Avec la diminution du financement public de l’éducation publique, les écoles ont recours
de plus en plus aux campagnes de financement pour affronter les dépenses les plus
urgentes. Depuis le milieu des années 1990, d’importantes restrictions budgétaires en
éducation ont obligé parents, personnel scolaire et directions d’école à mettre une
énergie considérable à chercher de « généreux bâilleurs de fonds » pour réparer les
cours d’école ou pour l’achat de matériel informatique, soit en vendant des produits de
toute sorte fournis par des entreprises, en organisant des soupers-spaghetti ou d’autres
activités pour l’achat de livres et l’organisation de sorties éducatives.
On ne peut nier que le financement privé comporte certains avantages pour les écoles.
Il y a aussi des risques. La dernière collecte de fonds d’une école de la Commission
scolaire Marguerite-Bourgeois de Montréal, où des élèves ont eu à vendre du chocolat
afin de financer l’achat de pupitres et de chaises pour les classes de leur école, montre
bien que le manque à gagner peut favoriser des pratiques douteuses en matière de
financement.
Ce sont surtout les fonds amassés dans le cadre de la sollicitation d’entreprises et de
campagnes de financement qui inquiètent le plus, car ils sont une source potentielle
d’une plus grande inégalité entre les écoles. Par exemple, l’enquête démontre que les
écoles du Québec amassent entre 300 $ et 200 000 $, avec une moyenne de 14 156 $
par école. Il existe donc des écarts importants entre les écoles. Ces données indiquent
qu’à ce chapitre, le Québec a rejoint ses homologues des autres provinces puisque la
moyenne des fonds recueillis dans les écoles canadiennes est de 15 705 $.
Comme il n’y a pas de mécanisme de redistribution de la richesse entre les écoles qui
récoltent beaucoup d’argent et celles qui en recueillent moins, on ne peut qu’anticiper
que les écoles favorisées seront encore plus favorisées et les écoles moins favorisées
encore moins favorisées, ces dernières s’enfonçant dans la spirale des réductions de
services. En cette matière, le gouvernement a un rôle important à jouer. Il devra
sensibiliser les commissions scolaires aux dangers des écarts grandissants qui peuvent
se creuser entre les écoles publiques au regard du financement privé.
L’État et le financement de l’éducation publique
Ce n’est pas d’hier que les intervenantes et les intervenants de l’éducation au Québec
s’inquiètent du rôle compensateur du financement privé de l’éducation causé par la
diminution du financement public.
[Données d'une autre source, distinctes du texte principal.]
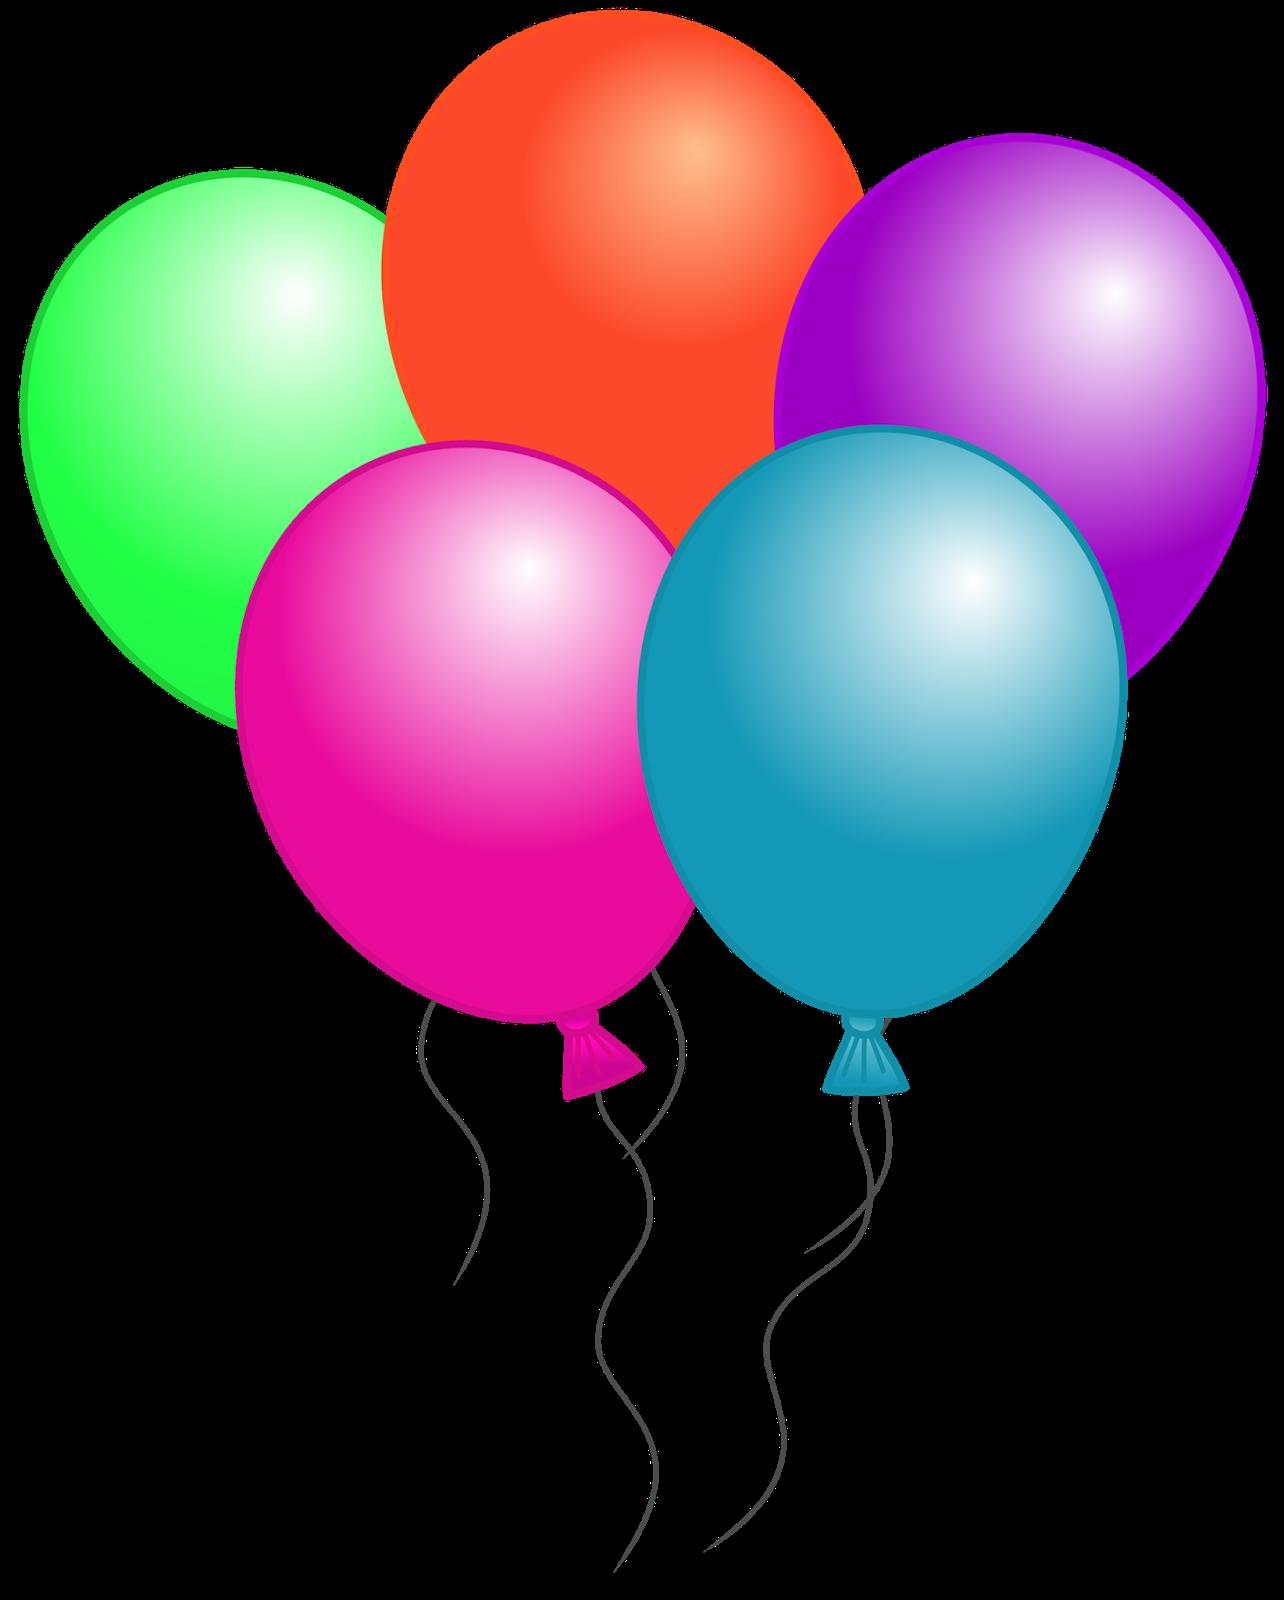 Free Birthday Balloon Clip Art | Clipart Panda - Free Clipart Images | Felt board | Pinterest | Free clipart images, Art clipart and Birthdays

Dans son rapport de 1996, la Commission des États
généraux sur l’éducation demandait de maintenir l’effort global du Québec en éducation
à 8,5 % du produit intérieur brut (PIB). Il se situe à 7,5 % sur un budget de 8,3 milliards
de dollars en 2003-2004 pour le préscolaire, le primaire et le secondaire ; cela
représente un manque à gagner de près d’un milliard de dollars.
La réalité grandissante du financement privé des écoles publiques commande un
encadrement plus strict de ces pratiques et une analyse de leurs conséquences sur le
personnel scolaire, les élèves et les parents. Le gouvernement doit prendre ses
responsabilités et tout mettre en œuvre pour éclairer la population du Québec sur cette
situation en évolution rapide et annoncer ce qu’il entend faire dans ce dossier.